Here’s a tasty and simple recipe for Crockpot Cashew Chicken that’s perfect for a busy day. This dish is flavorful, easy to prepare, and ideal for making ahead of time. Let’s dive into it!
Crockpot Cashew Chicken Recipe
Ingredients:
- 1.5 lbs (680g) boneless, skinless chicken breasts or thighs – cut into bite-sized pieces
- 1 cup (240ml) chicken broth – low-sodium preferred
- 1/4 cup (60ml) soy sauce – low-sodium or regular
- 1/4 cup (60ml) hoisin sauce – adds a sweet and savory depth
- 2 tablespoons rice vinegar – for acidity and balance
- 2 tablespoons brown sugar – for sweetness
- 3 cloves garlic – minced
- 1 tablespoon fresh ginger – minced or grated
- 1 teaspoon sesame oil – for a hint of nuttiness
- 1/2 teaspoon crushed red pepper flakes – adjust to your heat preference
- 1 cup (150g) roasted cashews – unsalted
- 1/2 cup (75g) frozen peas – or fresh if preferred
- 1/4 cup (60ml) cornstarch mixed with 1/4 cup (60ml) water – for thickening sauce
- 2 green onions – sliced for garnish
- Cooked white rice or rice noodles – for serving
Instructions:
- Prepare the Chicken:
- Place the bite-sized chicken pieces into the Crockpot. This recipe works well with both breasts and thighs, though thighs will add more richness.
- Make the Sauce:
- In a medium bowl, combine the chicken broth, soy sauce, hoisin sauce, rice vinegar, brown sugar, minced garlic, minced ginger, sesame oil, and crushed red pepper flakes. Stir well to ensure the sugar is fully dissolved and all ingredients are incorporated.
- Cook the Chicken:
- Pour the sauce mixture over the chicken in the Crockpot, ensuring all pieces are coated. Cover the Crockpot with the lid and set it to cook on low for 6-7 hours, or on high for 3-4 hours. The chicken should be tender and easily shred with a fork.
- Thicken the Sauce:
- About 30 minutes before serving, mix the cornstarch and water in a small bowl to create a slurry. Stir this mixture into the Crockpot, and continue cooking on high for the remaining time to thicken the sauce.
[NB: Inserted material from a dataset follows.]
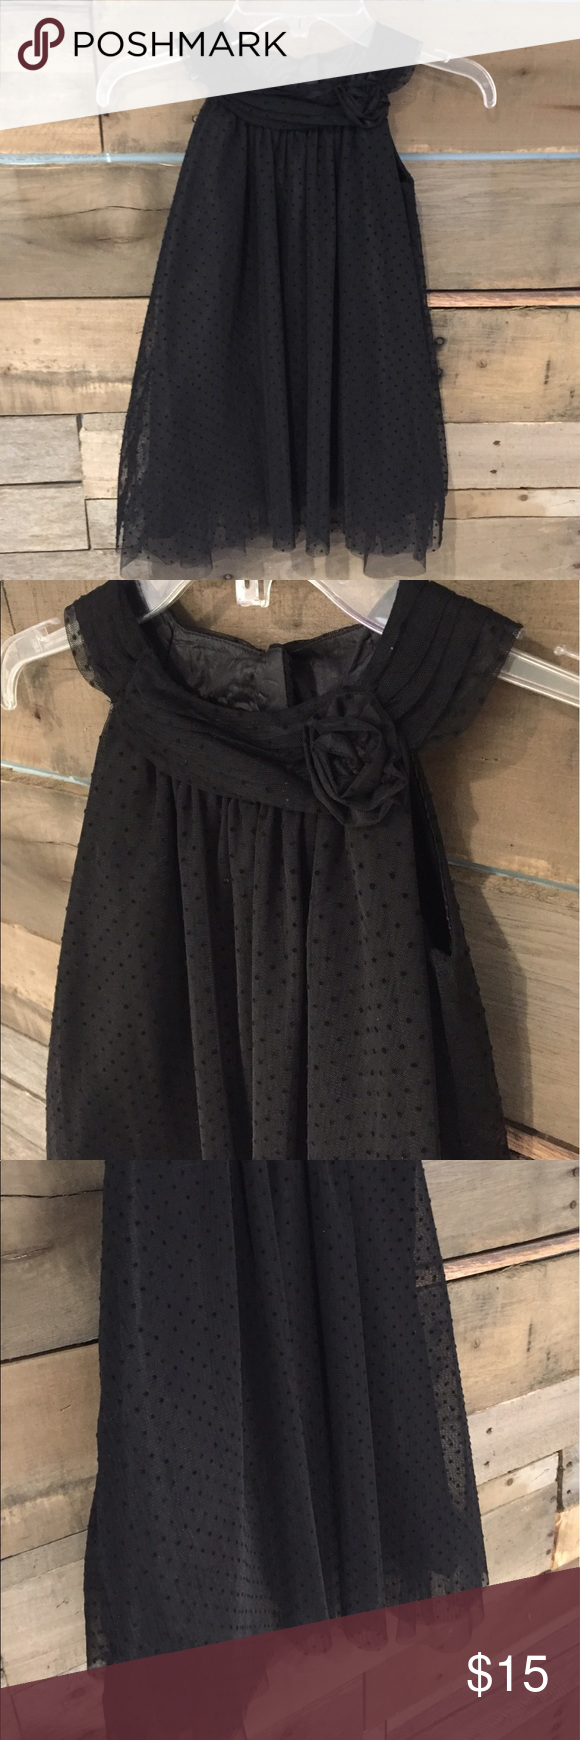 Osh Kosh Black Dress Size 3t Dresses Clothes Design Fashion Design [ 1740 x 580 Pixel ]

- Add the Cashews and Peas:
- Stir in the roasted cashews and frozen peas (if using). Let them heat through for about 10-15 minutes. If using fresh peas, add them earlier in the cooking process to ensure they’re cooked through.
- Serve:
- Taste the sauce and adjust seasoning if needed. Serve the Cashew Chicken over cooked white rice or rice noodles. Garnish with sliced green onions for a fresh crunch and added flavor.
Tips:
- For Extra Flavor: You can add a splash of lime juice or a sprinkle of sesame seeds before serving.
- Vegetable Add-Ins: Feel free to add other vegetables like bell peppers, carrots, or snap peas for added texture and nutrition.
- Make Ahead: This dish stores well in the refrigerator for up to 4 days and can be frozen for up to 3 months. Just be sure to let it cool before transferring to freezer-safe containers.
Enjoy this delicious and easy Crockpot Cashew Chicken! It’s a comforting, flavorful meal that requires minimal effort, making it perfect for any day of the week.